Virtual services expand access across California
While focused on the Los Angeles neighborhoods right outside its doors, TRC@USC helps to address growing mental health care provider shortages throughout California, which is currently experiencing the highest number of Health Professional Shortage Areas (HPSAs) in the mental health discipline of any state in the country. Many of these are concentrated in rural areas making the challenges even greater for crime victims in those regions of the state to seek help.
USC Social Work has been delivering high-quality telebehavioral health care to the most vulnerable and underserved populations across California for over a decade, well before the pandemic made virtual health care delivery a norm. TRC@USC will build on this experience, drawing from many of the same faculty and staff members who provided care through the telebehavioral health clinic. In addition to making services available to those in more remote areas of California, virtual access will enable those who have difficulty negotiating the time, expense and logistics of in-person treatment, such as people experiencing homelessness or migrant workers, to receive care.

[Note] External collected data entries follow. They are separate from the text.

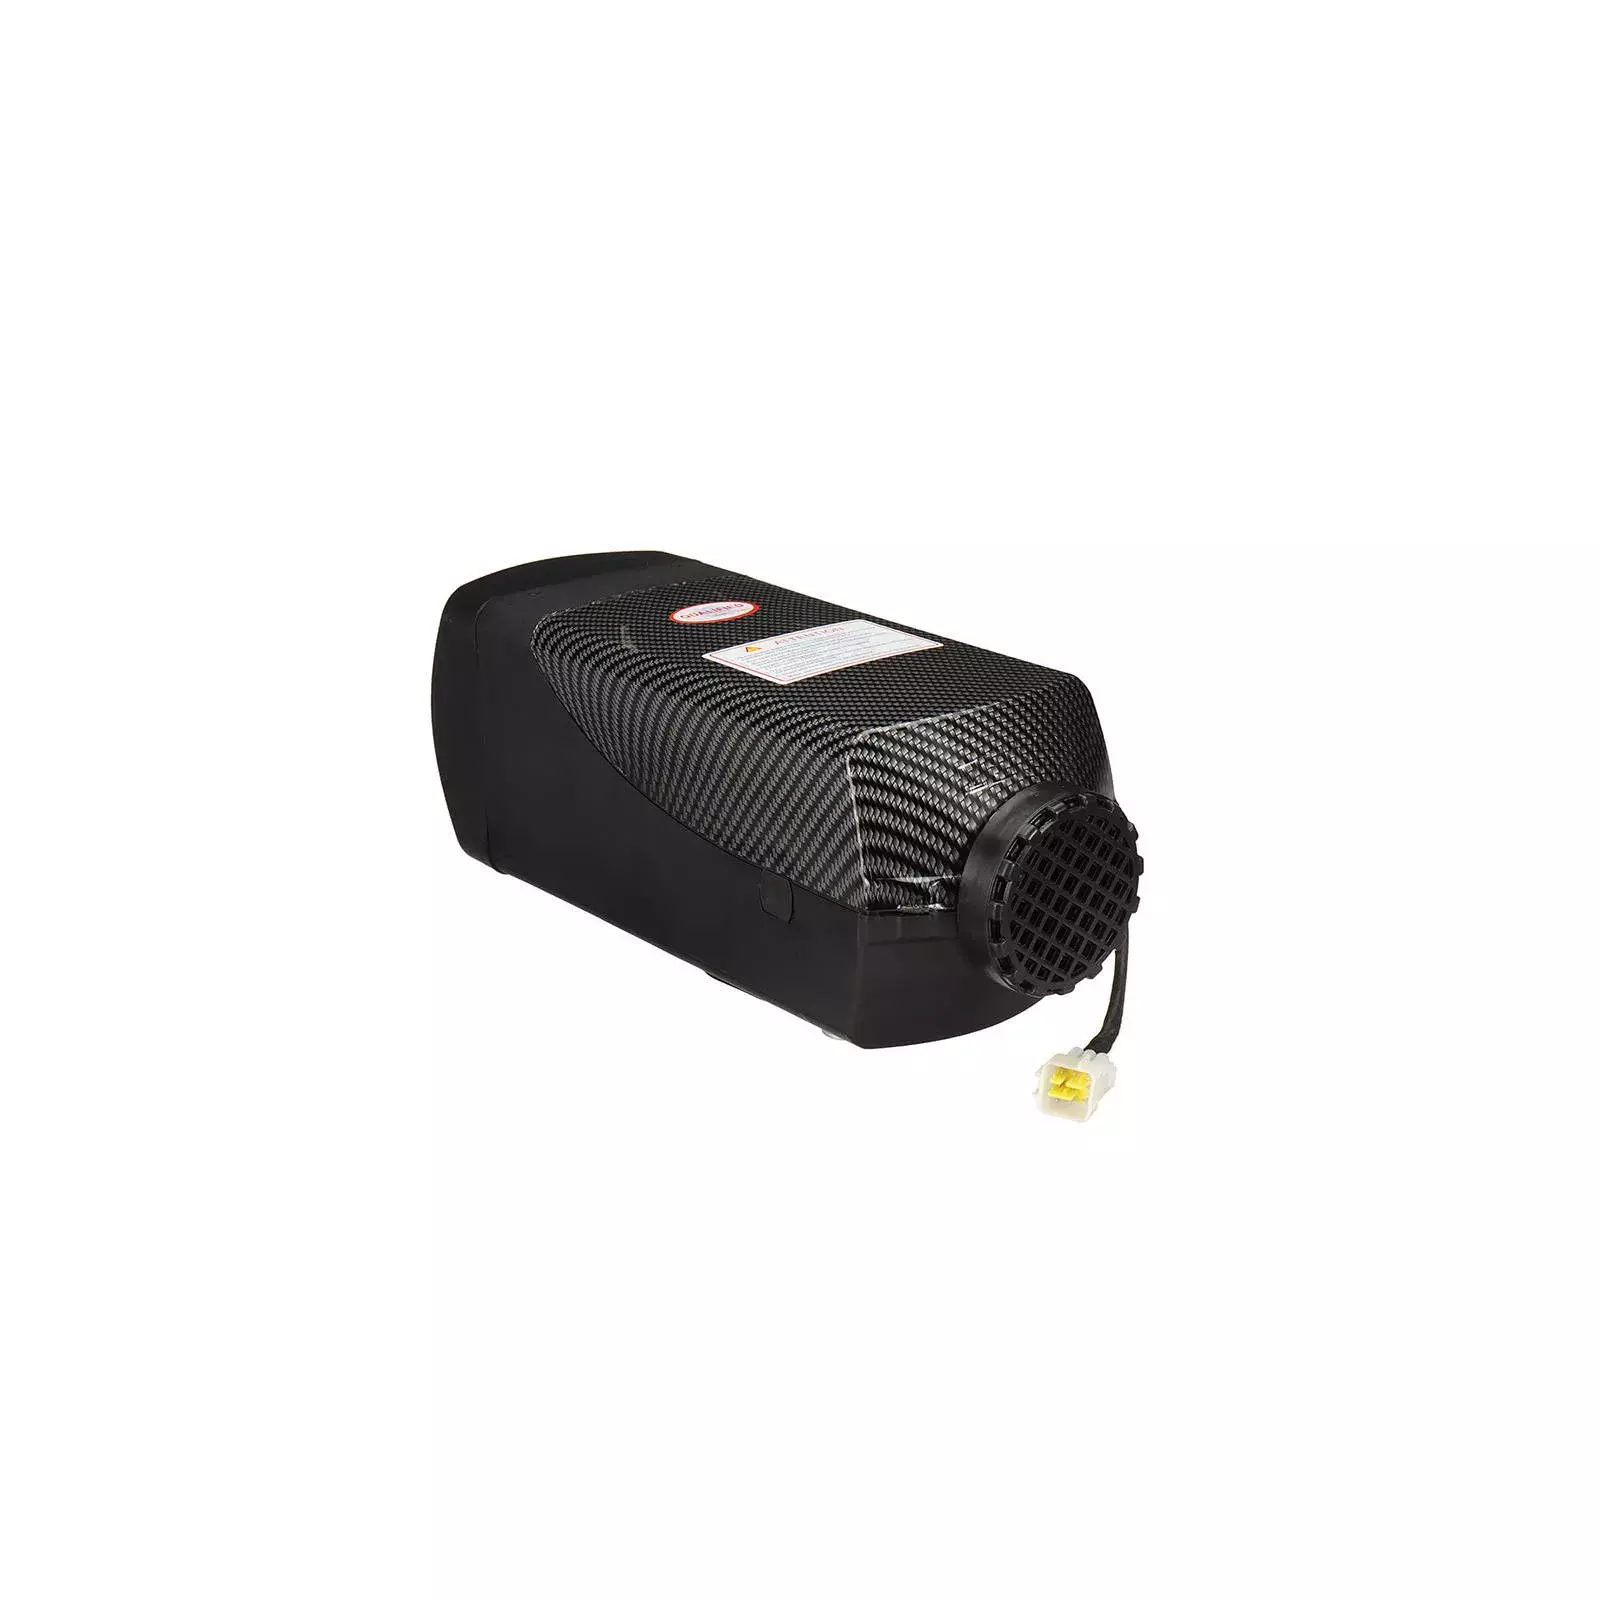 Parking heater HCALORY HC-A22, 8.5 HC-A22
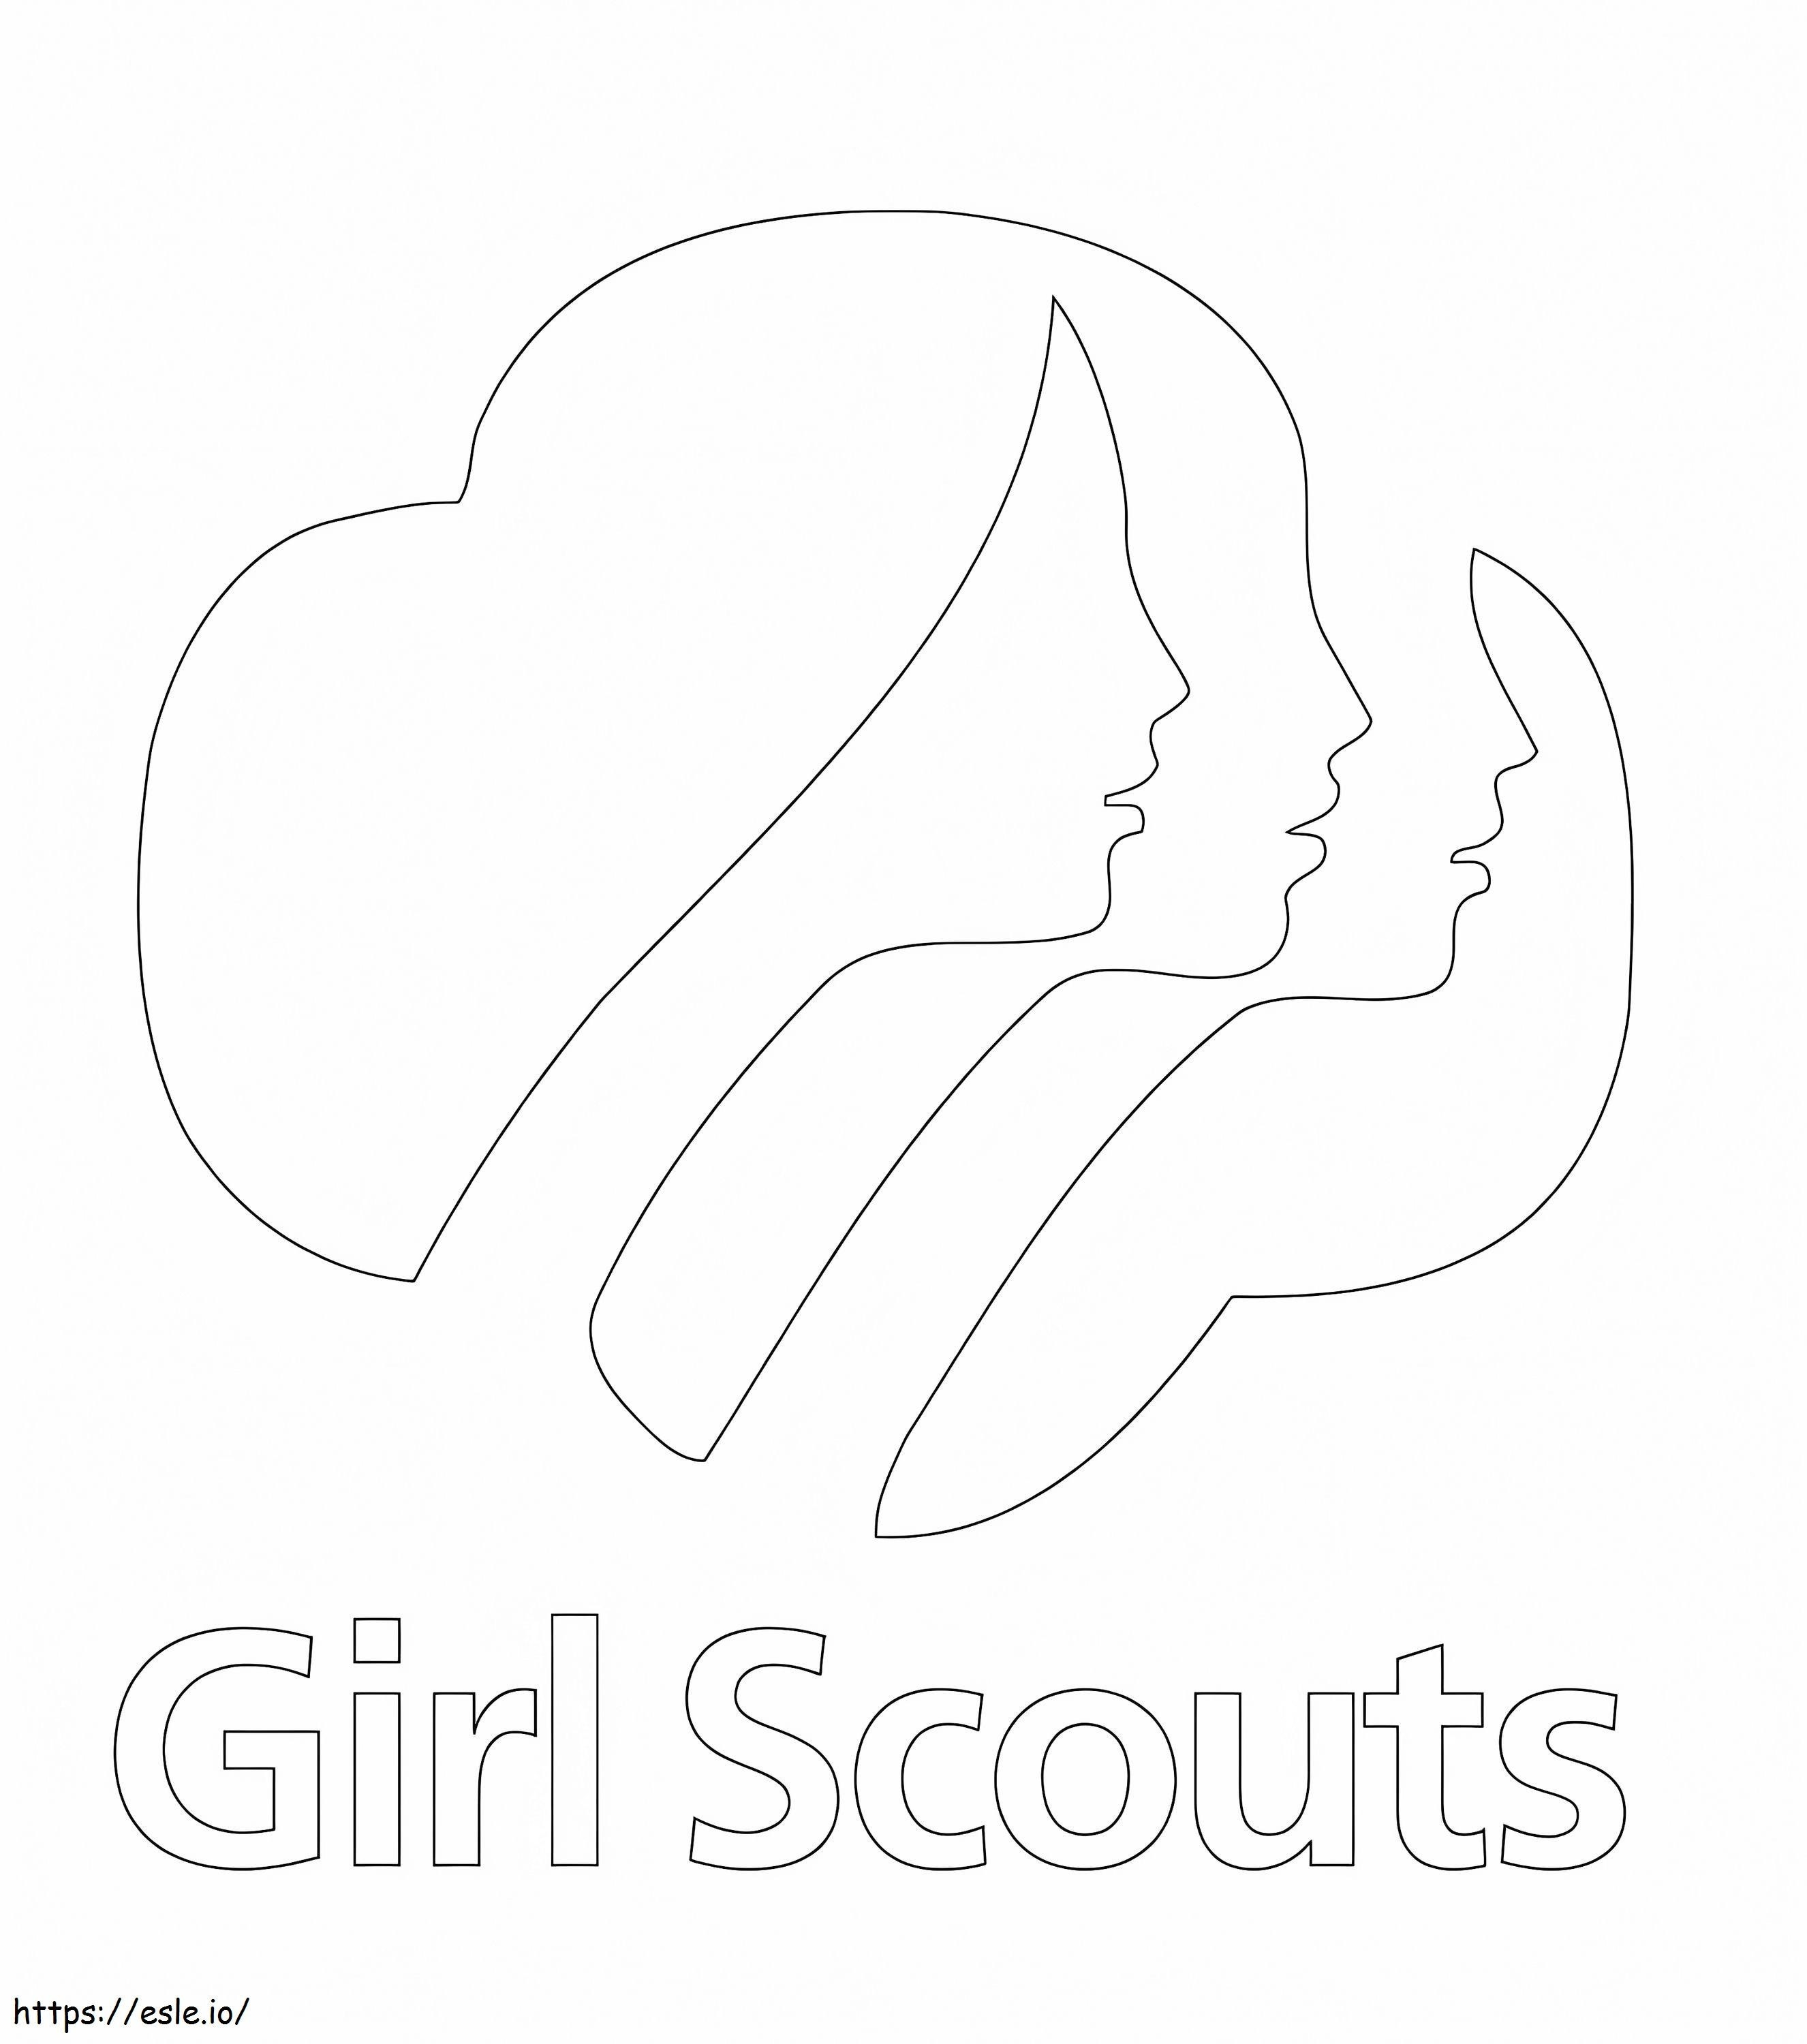 Girl Scouts-logo kleurplaat kleurplaat
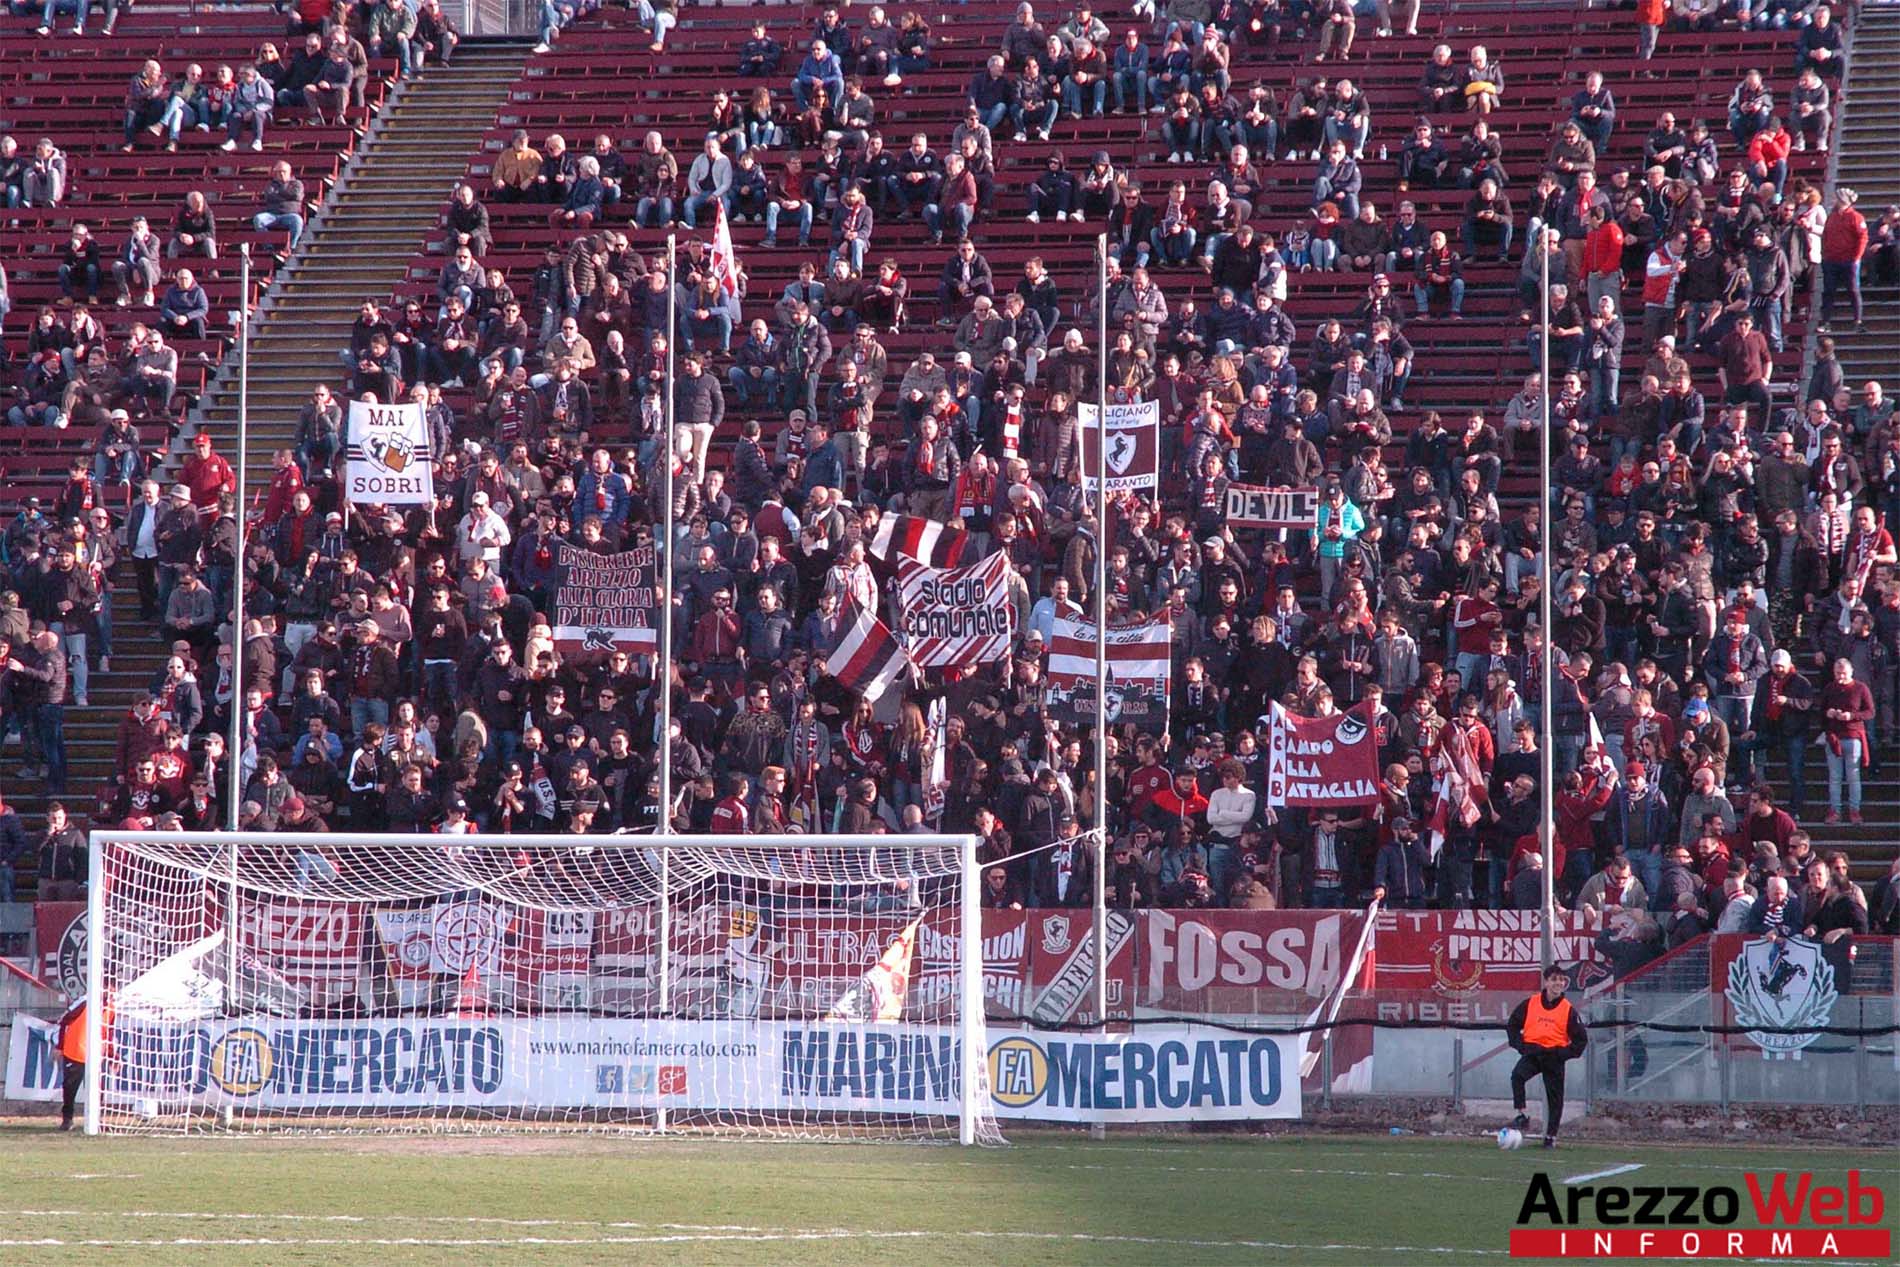 “ViviAMO la partita”: la nuova campagna sociale della Società Sportiva Arezzo

TRC@USC also serves as an important training center for both current MSW students and alumni seeking to gain experience using the latest evidence-based, trauma-informed practices with high-need clients to help fill the mental health care provider gap across California.
“Learning from this multidisciplinary team will give MSW interns invaluable experience and exposure to different perspectives and insights based on the variety of educational backgrounds and the expertise of the team members,” said Debra Waters-Roman, clinical psychologist at TRC@USC, as well as an LCSW and associate professor of social work field education, who was named the 2022 Social Worker of the Year by the National Association of Social Workers-California Chapter. “All of this will combine to enhance the likelihood that a comprehensive response to the needs of the client will be provided, thus increasing positive client outcomes.”
The curriculum includes best practices for cultural proficiency, professional boundaries and ethics, confidentiality, advocacy, crisis intervention and referrals, and promotes increased collaboration within and between agencies on behalf of crime victims. TRC@USC’s vision is to create a trauma-informed and victim-centered community response that provides care for the client while also helping to reduce the social and economic impact of violent crime.
“Serving these clients and providing wraparound services will, in the end, really save all of us,” Soto said.
“It will not only lift up individuals but also help them to be productive citizens and contribute to our community in a much better way.”